Latest comment: 17 years ago4 comments2 people in discussion

However, it is not possible to express this inference in the traditional system, because the manner we
should represent the first term in the classical subject-predicate form, ensures that the second term 
our predicate will be "X is feared by every mouse"

This isn't English - what is it supposed to mean? garik 11:42, 28 January 2007 (UTC)Reply

I will edit the article to explain to the non-logician. However, this very interesting stub badly needs references. Will the author please provide them? Rick Norwood 14:26, 28 January 2007 (UTC)Reply

I'm not so concerned about making it clearer to the non-logician - I think this would follow to some extent from making it clearer to English speakers. The syntax is so peculiar I can only assume it wasn't written by a native speaker, or that there are words missing. But yes, I suppose it could be made easier for non-logicians too. garik 14:59, 28 January 2007 (UTC)Reply

And I see you've done a good job of it:) garik 15:00, 28 January 2007 (UTC)Reply

Ambiguity is equivalent to Ambiguity

Latest comment: 16 years ago2 comments2 people in discussion

This is my first time writing anything on Wikipedia. Please forgive my naivete and mistakes.

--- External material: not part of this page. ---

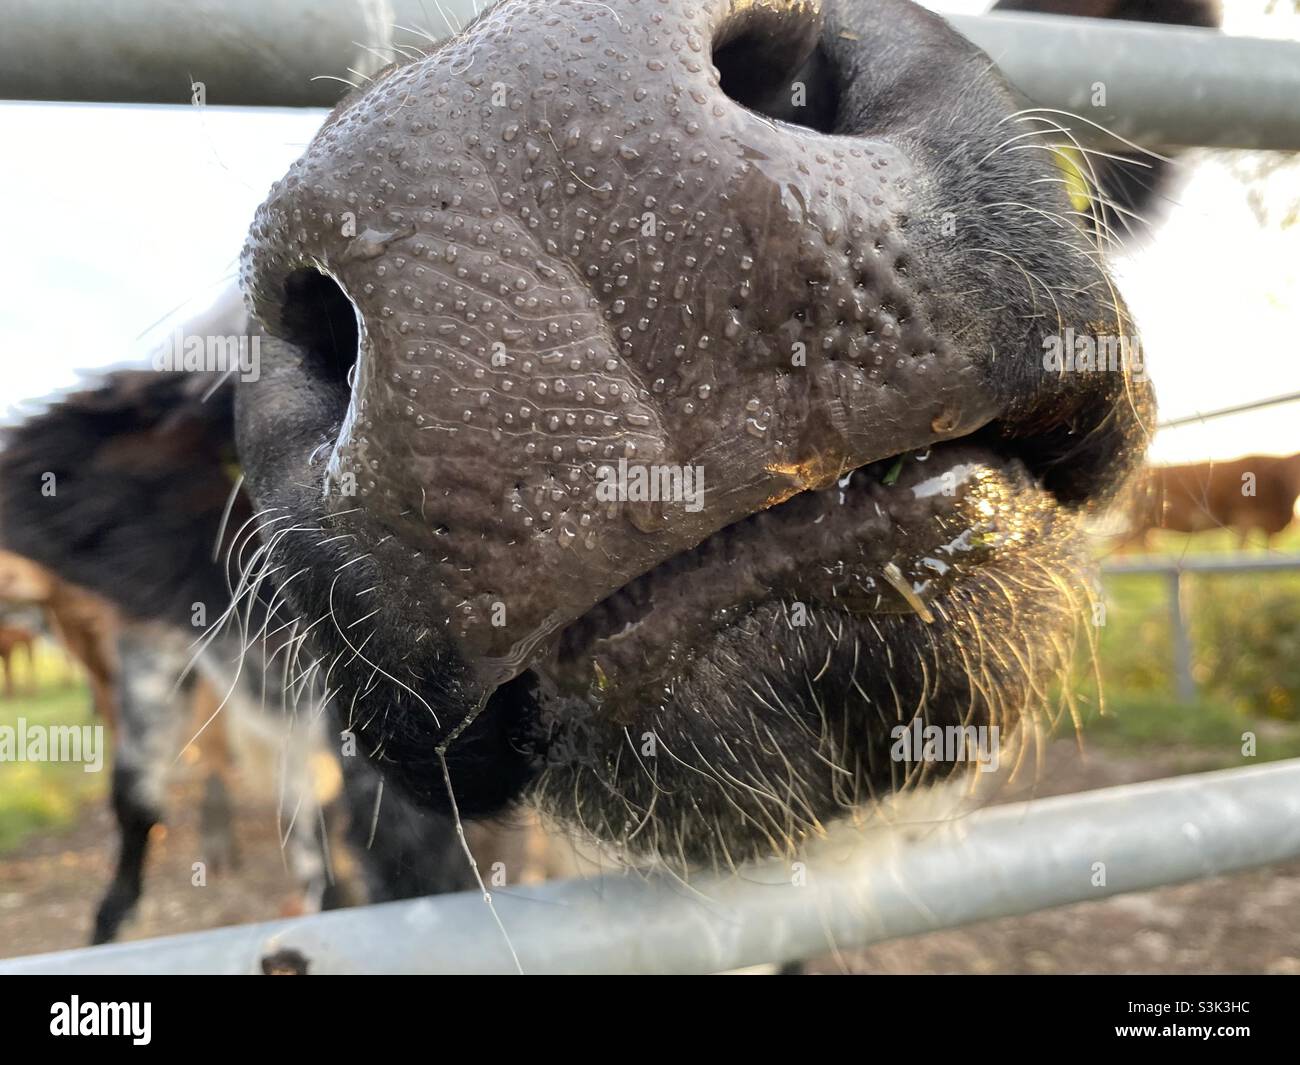 Cows nose boop Stock Photo

ME: The author of the problem of multiple generality begins by saying that, quote:

AUTHOR: The problem of multiple generality names a failure in traditional logic to describe certain intuitively valid inferences.

ME: So one (ie. myself) could interpret the author's meaning to be, "SOME logic is NOT 'foolproof'". The author proceeds to provide an example to demonstrate his thesis:

AUTHOR: For example, it is intuitively clear that if:

Some cat is feared by every mouse then it follows logically that:

All mice are afraid of at least one cat.

ME: Let me try to represent his intuition in TL. The author provides two propositions which are intuitively clear to him as antecedent and consequent propositions: 1. Some cat is a cause-of-fear-in-ALL-mice. (Antecedent) 2. Every mouse is affected-by-fear-of-SOME-cat? (Consequent)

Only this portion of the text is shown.